Marketing your skills
With any new service you add to your clinic, you must let your patients know through email or mail outs. In-office advertising is helpful through posters or electronic signage. Informing other optometrists, pediatricians, ophthalmologists, and other health care professionals in your area of the services you provide is vital to help build up a referral base.

The best advice that we can provide is to jump in and start screening patients. You will be surprised at the number of people who could benefit from this service. As you learn more, share the information with your office staff and let them help you. There are a lot of people and resources available to help you become successful, take advantage of the work that others have done before you.

 

 

 

Shalu Pal, OD, FAAO, FSLS, FBCLA, has a practice, Dr. Shalu Pal & Associates, in Toronto, Ontario.

 

 

References:

  1. Sankaridurg, P.“A less myopic future: What are the prospects?”, Clinical and experimental optometry. Nov 2015
  2. Zadnik K, Sinnott LT, Cotter SA, et al.

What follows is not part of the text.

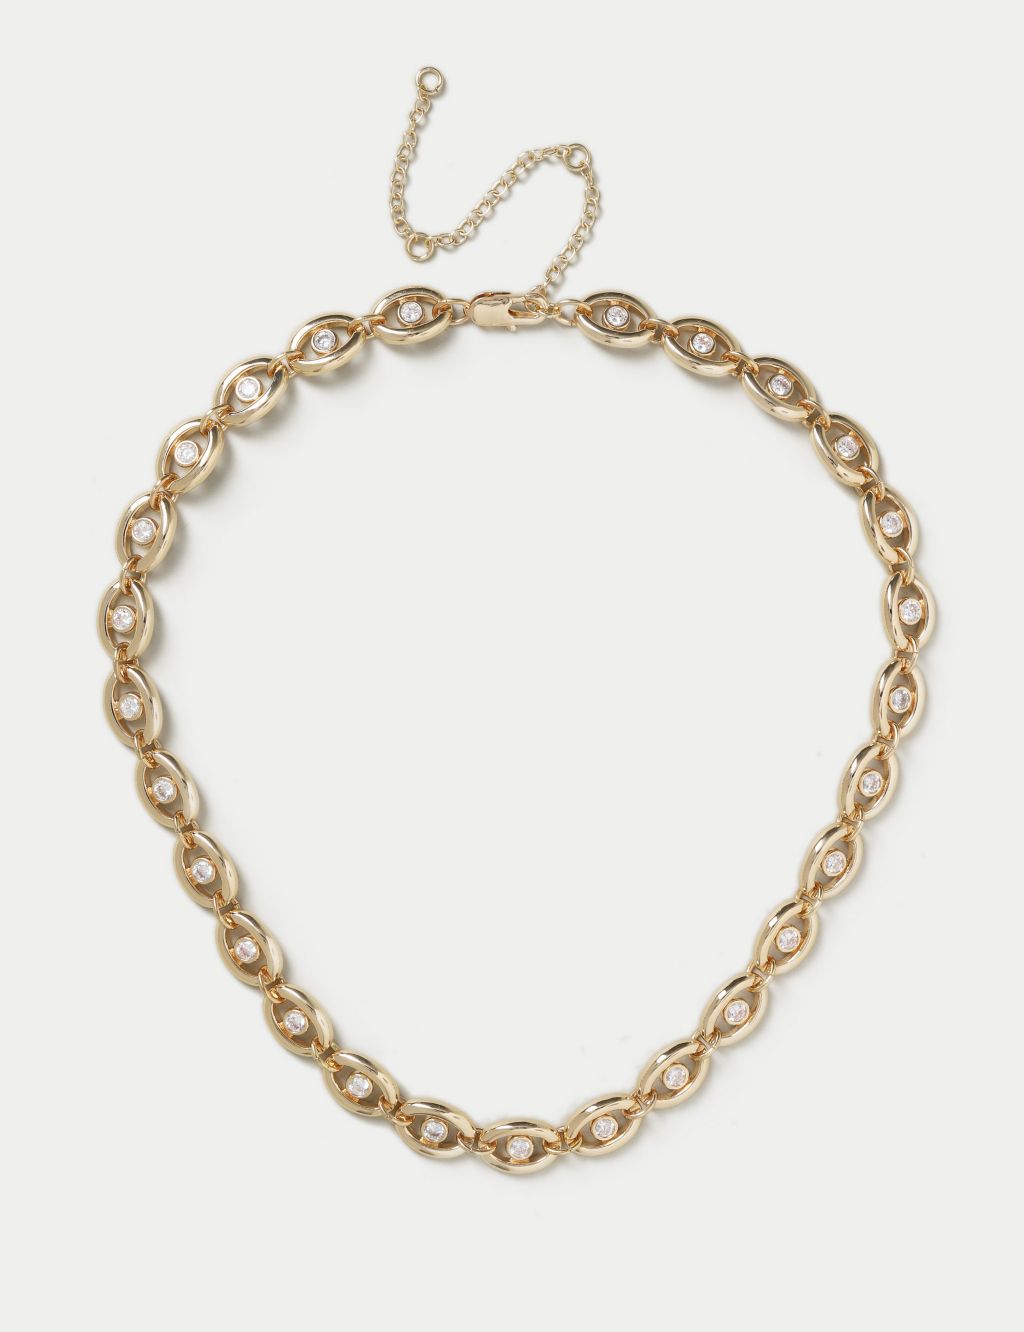 Autograph Gold Link Chain with CZ

Prediction of Juvenile-Onset Myopia. JAMA Ophthalmol. 2015;133(6):683–689. doi:10.1001/jamaophthalmol.2015.0471
  3. Xiang, F, He M, Morgan IG. “The impact of parental myopia on myopia in Chines children: population-based evidence.” Optom Vis Sci.2012 Oct;89(10):1487-96.
  4. Bullimore, Mark. “Myopia Control: Why Each Diopter Matters.”Optom Vis Sci 2019;96:463–465. doi:10.1097/OPX.0000000000001367
  5. Cho P, Cheung SW et al “Good clinical practice in orthokeratology” Cont Lens Anterior Eye.2008 Feb;31(1):17-28. Epub 2007 Aug 21.